Based on new research using data and algorithms, it has been determined (and accepted by the good people at Oxford University Press) that Christopher Marlowe was a “major collaborator” on the three Henry VI plays. In an interesting marriage of scientific analysis and literary criticism, it has been determined what some scholars already believed – that Shakespeare didn’t write all of this plays single-handedly. That it was Kit Marlowe who is identified as the collaborator on these particular plays is arguably the more interesting news. There has long been evidence of a rivalry between Shakespeare and Marlowe prior to the latter’s untimely (and highly suspicious) death in 1593, so to hear of a working relationship between the two is quite intriguing.

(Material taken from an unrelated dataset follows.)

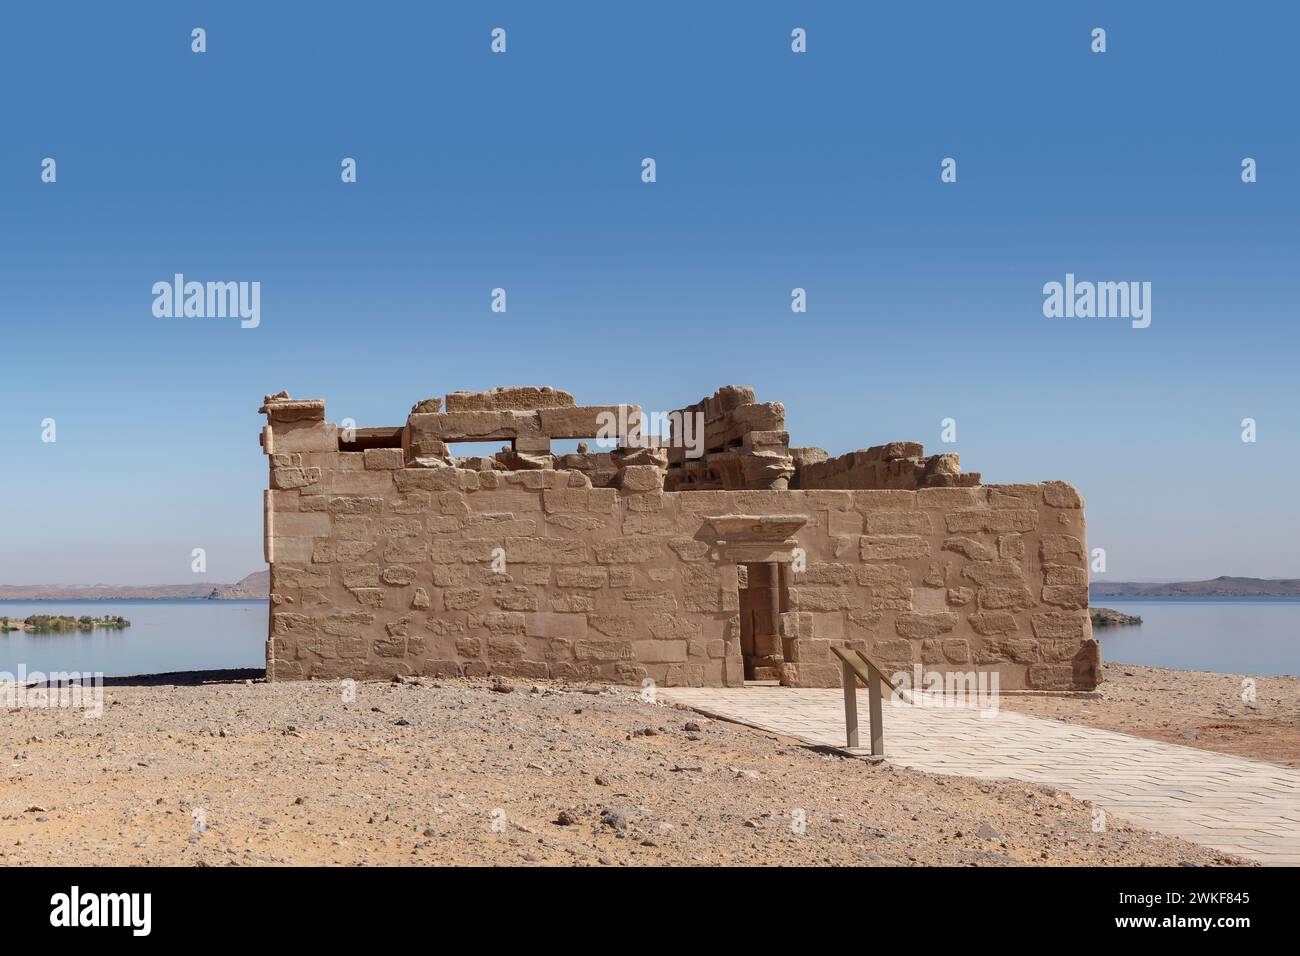 Il tempio di Maharraqa sul lago Nasser, Egitto Foto Stock

I don’t personally have an opinion of this. It has been long suspected that Shakespeare either had direct collaborators or imposed editing (see the inserted Hecate scene in Macbeth), so this is hardly news, and it doesn’t diminish the power of this work. That he collaborated with Marlowe (whether voluntarily or not) on three highly successful plays speaks to their collective, potentially collaborative writing prowess.

Art or History?

What is perhaps more surprising is the news out of Shakespeare’s Globe that, after only one season, it was decided that Emma Rice would end her term as artistic director after the 2017 season. Having had the opportunity to see her critically-acclaimed production of A Midsummer Night’s Dream this past summer and being astounded at the vivacity of the production (which impressed even my Shakespeare-ambivalent younger sister), it calls into question the wisdom of this decision.

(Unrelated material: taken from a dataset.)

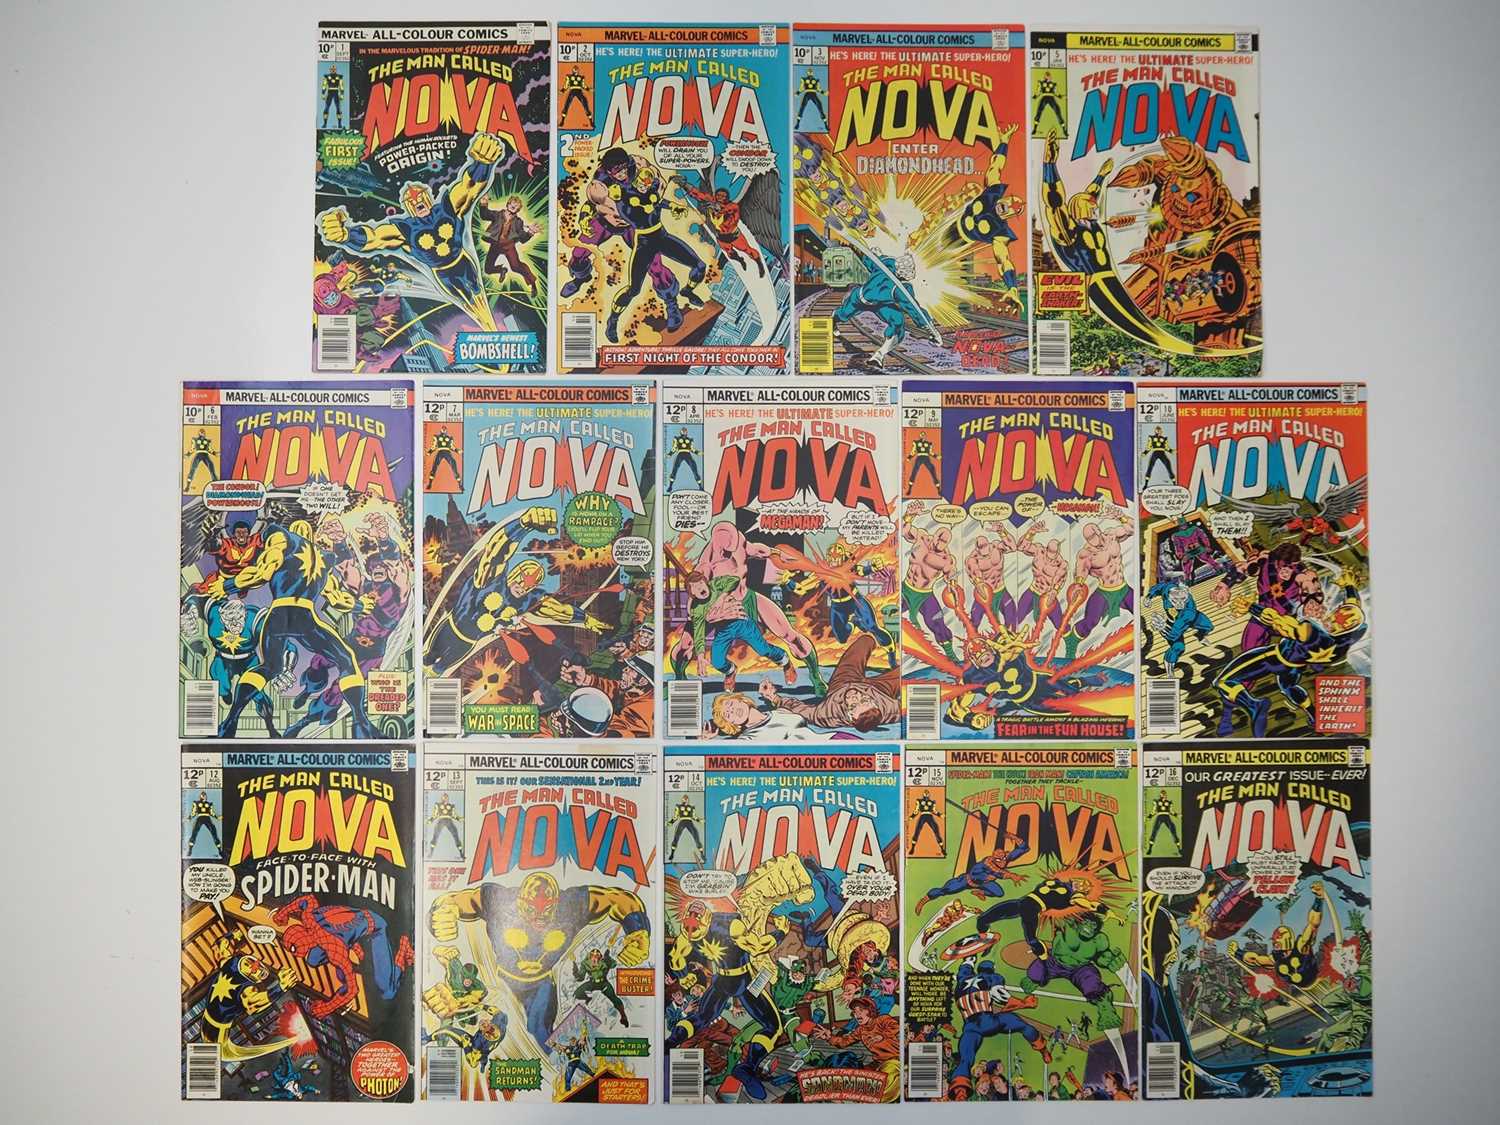 NOVA #1, 2, 3, 5, 6, 7, 8, 9, 10, 12, 13, 14, 15, 16 (14 in Lot) - (1976/1977 - MARVEL - UK Price

What is even more disappointing is the (quite frankly) lame reason for the change. Neil Constable and the Board of the Globe seem to have made a disappointing and counter-productive decision: that Shakespeare’s plays are History, not Art. By deciding that they would adhere strictly to a “shared light” aesthetic. That he goes on to refer to the Globe’s work as being a “radical experiment” is laughable. By choosing to be so rigid in the interpretation of Shakespeare’s work does nothing for their programming but relegate it to a museum. While the idea of performing Shakespeare in its original surrounding is important, I would argue that Shakespeare himself would have embraced the actual radical experiments undertaken by Rice.

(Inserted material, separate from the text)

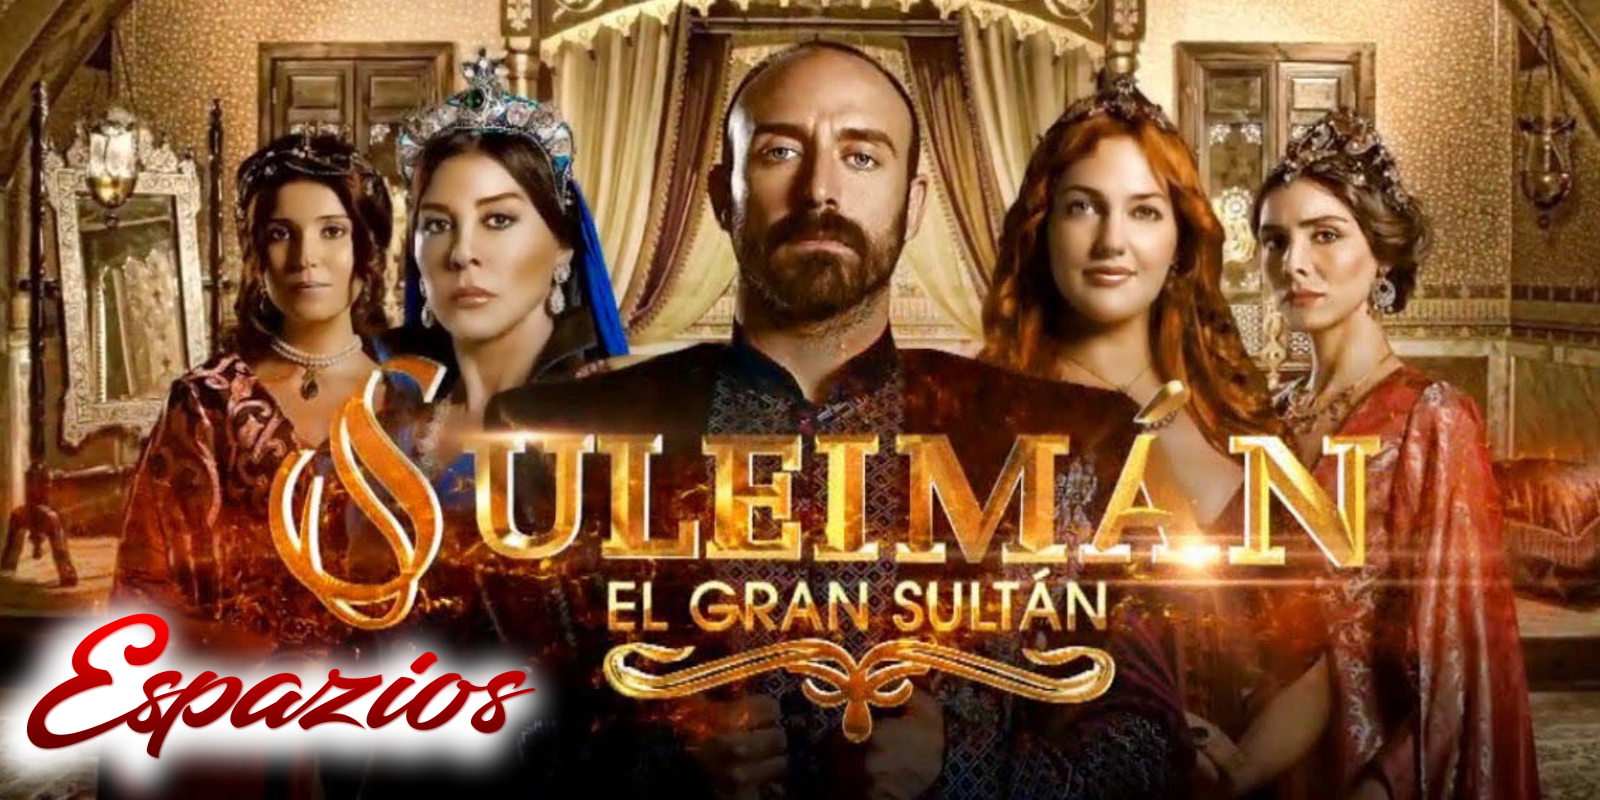 El suleiman el gran sultan

If we look at the evolution of Shakespeare’s own works across time, we can see him constantly experimenting with the form and structures of the Elizabethan and Jacobean stages. Shakespeare was innovative and inventive. This decision on the part of the Globe are neither.

Luckily, London and the UK have many, many companies that are more than happy to innovate and take risks with Shakespeare’s works. One can only hope that Emma Rice doesn’t abandon the Bard after her tenure at the Globe is done.

And the Globe? Well… one small step for OP, one giant leap backwards for the modernization of Shakespeare as a whole. Well done, Globe, well done.